Road traffic is a major source of particulate emissions that pose a significant risk to human health and the environment. Despite efforts by governments and scientists to reduce tailpipe emissions, the contribution of non-exhaust emissions has increased and become dominant in recent years.
Road traffic is a major source of particulate matter emissions that pose a significant risk to human health and the environment. It is one of the priority areas for action to improve air quality, and is now the focus of public and scientific attention and the centre of the environmental debate. Over the last twenty years, the issue of reducing exhaust emissions has been brought to the forefront of the international and particularly European scene (introduction of Euro standards, particulate filters, SCR systems to reduce NOx, etc.). Nevertheless, in view of the efforts made to reduce tailpipe emissions, the contribution of non-exhaust emissions has increased and has become predominant in recent years. These non-exhaust emissions are mainly due to brake wear and to particles emitted when tyres come into contact with the road. By 2030, they are expected to increase by 53.5% worldwide, according to the OECD (Organisation for Economic Co-operation and Development).

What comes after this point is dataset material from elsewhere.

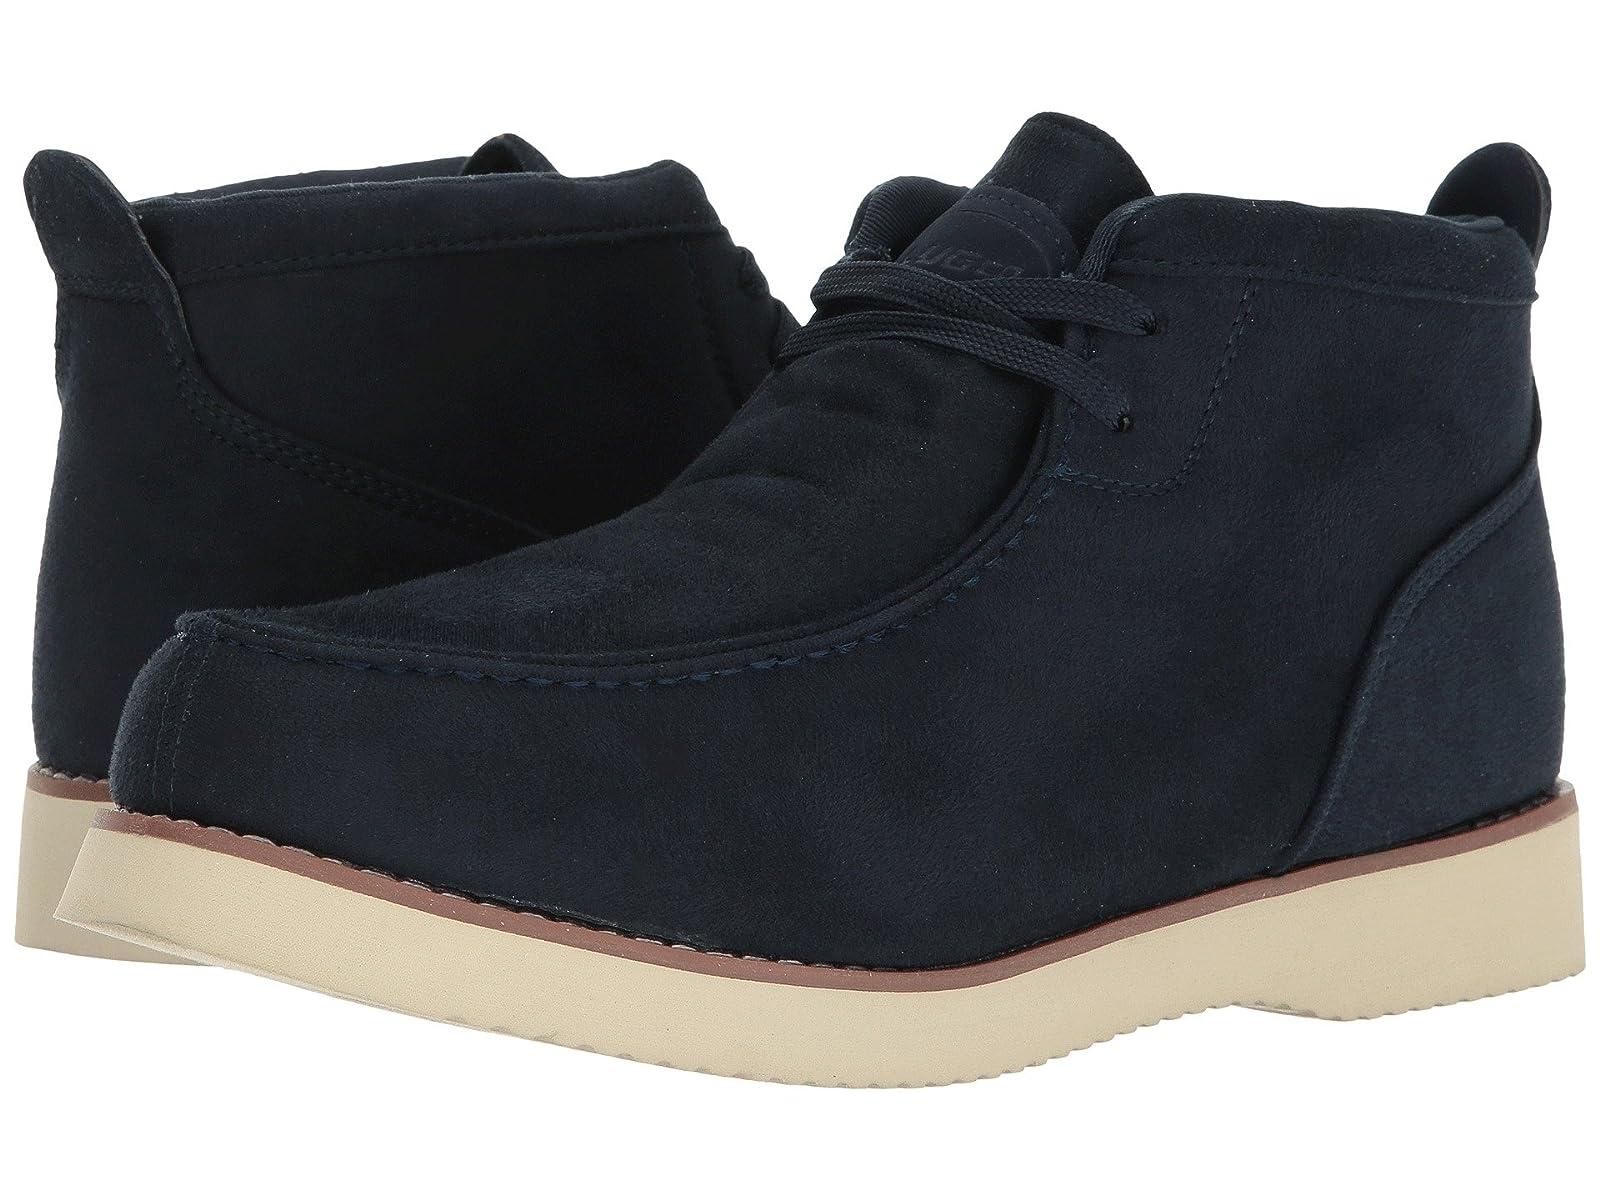 Lugz FreemanCheap and distinctive eye-catching shoes

Moreover, epidemiological studies show that the toxicological impact of these particles is far from negligible.
Among non-exhaust emissions, brake particles are predominant, especially in urban areas and near high-traffic roads. Indeed, the wear process that takes place during the contact between the brake pads and the brake disc is responsible for significant emissions of fine and ultrafine particles. They represent up to 55% of PM10 emissions from non-exhaust sources and up to 20% of total PM2.5 emissions from road traffic. These emissions are still poorly known and quantified because of their variability, as many parameters influence their characteristics, such as the diversity of vehicles and brake pads, road characteristics, driving style, etc. They are also poorly studied because the methods used to characterise them are complex. Measurements at the source of brake particles show that their concentration increases significantly with vehicle speed, weight and braking frequency. Indeed, the more the braking system is used, the more the friction of the contact zone on the disc increases. This friction will generate, on the one hand, coarse particles due to mechanical abrasion and, on the other hand, ultrafine particles (with a diameter of less than 100 nanometers) emitted by thermal degradation of the brake pad materials in the event of overheating. Recent studies have confirmed that increasing the temperature of brakes, up to a certain threshold, favours the formation of nanoparticles. Thus, this temperature represents an important issue to be taken into account for the reduction of brake emissions.
Translated with www.DeepL.com/Translator (free version)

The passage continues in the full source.